Genelkurmay Başkanlığı'nın; NATO Terörizmle Mücadele Mükemmeliyet Merkezi bünyesinde düzenlediği "Küresel Terörizm ve Uluslararası İşbirliği Sempozyumu"nu izlerken bu konuları yeniden düşündüm. Bir ideolojik söylem olarak geliştirilen "küresel terörizm" doktrininin aslında 21. yüzyıla dönük bir sömürge politikası olduğuna, merkez güçlerin iyi/kötü ayırımına göre terör ya da meşru olduğumuza, adalet duyguları istismar edilerek yüz milyonlarca insanın zihinlerinin bulandığını ve aynı güçlerin doğru ve yanlışları için hazır hale getirildiğine yönelik inancım değişmedi.

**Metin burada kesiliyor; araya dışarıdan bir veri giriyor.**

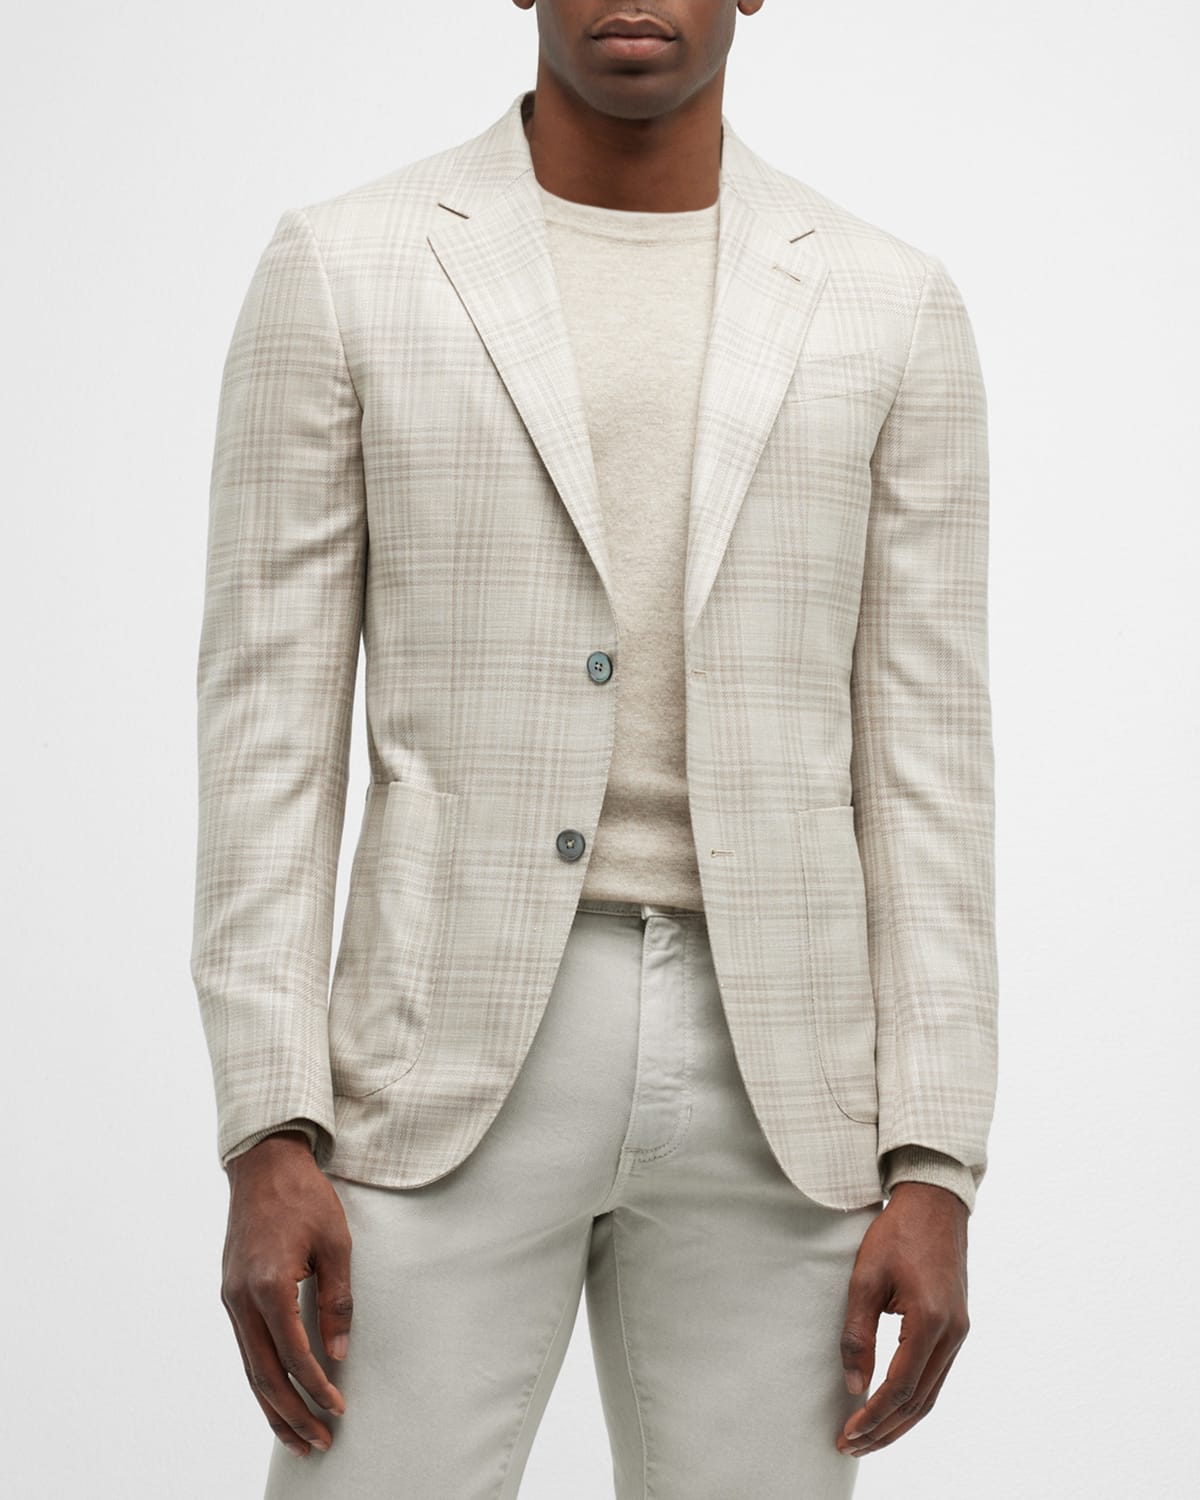 ZEGNA Men's Plaid Wool-Blend Sport Coat | Neiman Marcus

Genelkurmay Başkanı İlker Başbuğ'un; terör, terörle mücadele yöntemleri, bu konuda Türkiye'nin tecrübeleri, yapılabilecek yanlışlıklar, Afganistan ve Irak örnekleri, terörle mücadelede dikkat edilecek ince ve çok önemli ayrıntılar, terör-çevre ilişkileri göz önünde bulundurularak alınacak önlemler gibi çoğu zaman dikkat edilemeyen gerçekleri içeren konuşmasına katılmamak mümkün değil. Teknik anlamda, dar anlamda terör konu olunca bunların hepsi yol gösterici doğrular olarak not edilmeli.

Ancak sorun şurada: Dar anlamda terörle küresel terörizmle mücadele söylemi birbiriyle tam anlamıyla örtüşmüyor. Terör gerekçe kullanılarak bir küresel terörizm söylemi geliştirildi. Bu söylemin hareket noktası terörle mücadeleyle sınırlı değil. 21. Yüzyıl dünya sisteminin alt yapısını oluşturacak bir ideolojik doktrin olarak geliştirildi. Temel amacı, merkez güçlerin yeni küresel denge stratejisinin önünü açmaktan başka bir şey değil.

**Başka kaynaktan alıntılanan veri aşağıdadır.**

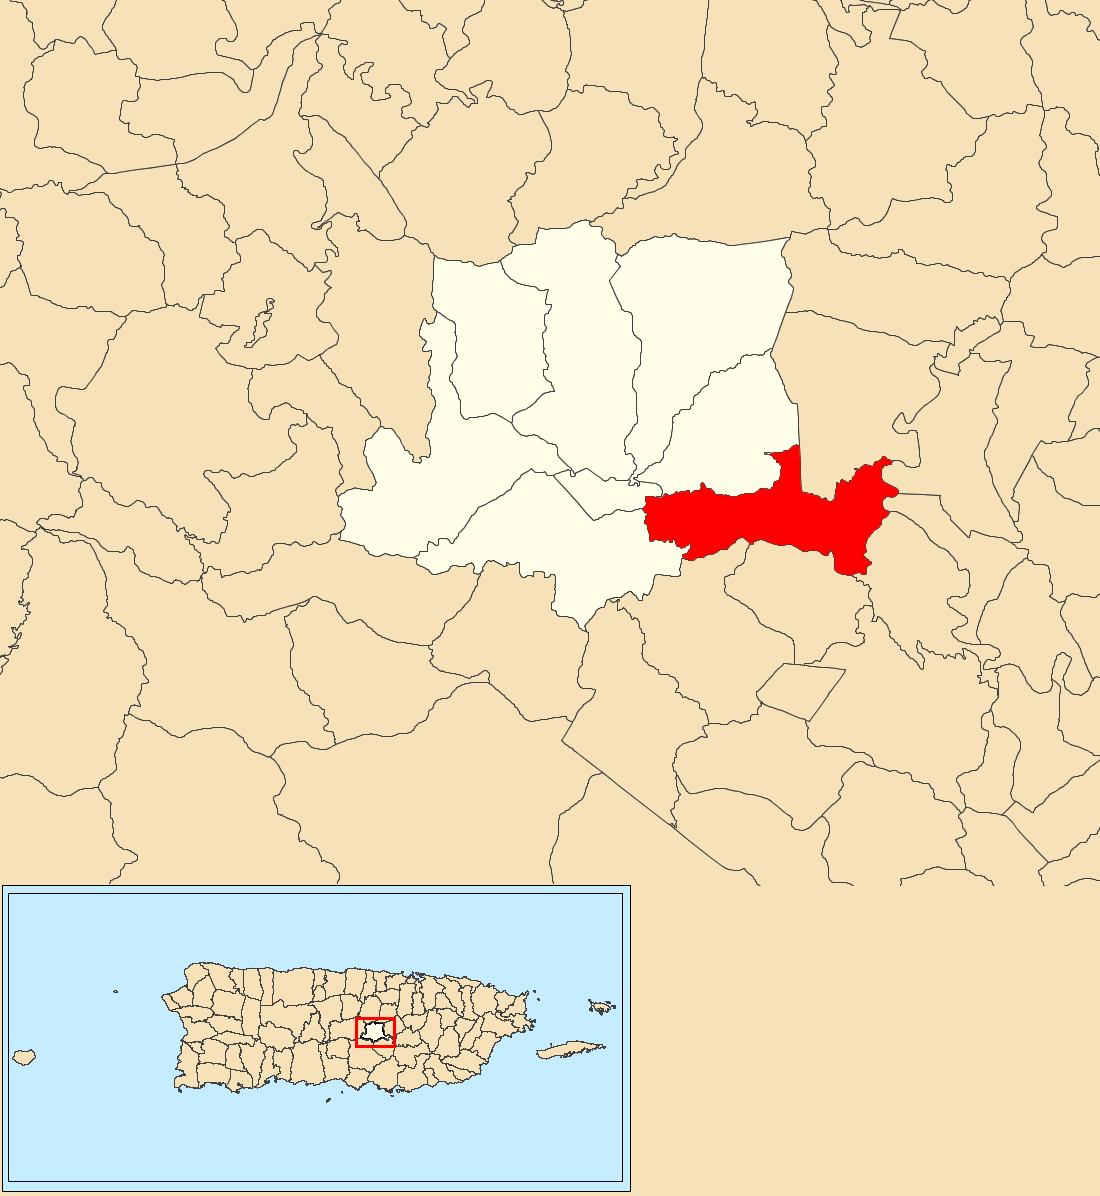 Honduras, Barranquitas, Puerto Rico - Wikipedia

Peki terör hiç mi yok? Elbette var. Türkiye'de var, ABD'de var, dünyanın hemen her bölgesinde var. Avrupa Birliği ve ABD istihbaratının terör istatistiklerini okursak, Soğuk Savaş döneminde bugünkünden daha çok terör saldırısı olduğunu görürüz. Yine ABD'de tutulan istatistiklerde, terör ve Müslüman ilişkisinin hiç de söylendiği gibi olmadığını, teröre bulaşanlar arasında Müslüman olanların sayısının son derece az olduğunu görürüz. Peki neden terör ve İslam birlikte anılır? Bu eşleştirmeyi kimler yaptı? "Güvenliğin küreselleşmesi"nin tek amacı, terörü yok etmek değil. İşte sorgulama, bu noktada yapılmalı. Başbuğ, terörle İslam arasındaki eşleştirmenin yanlışlığına vurgu yaparken aslında bu söylemin en zayıf tarafını açığa çıkarıyordu.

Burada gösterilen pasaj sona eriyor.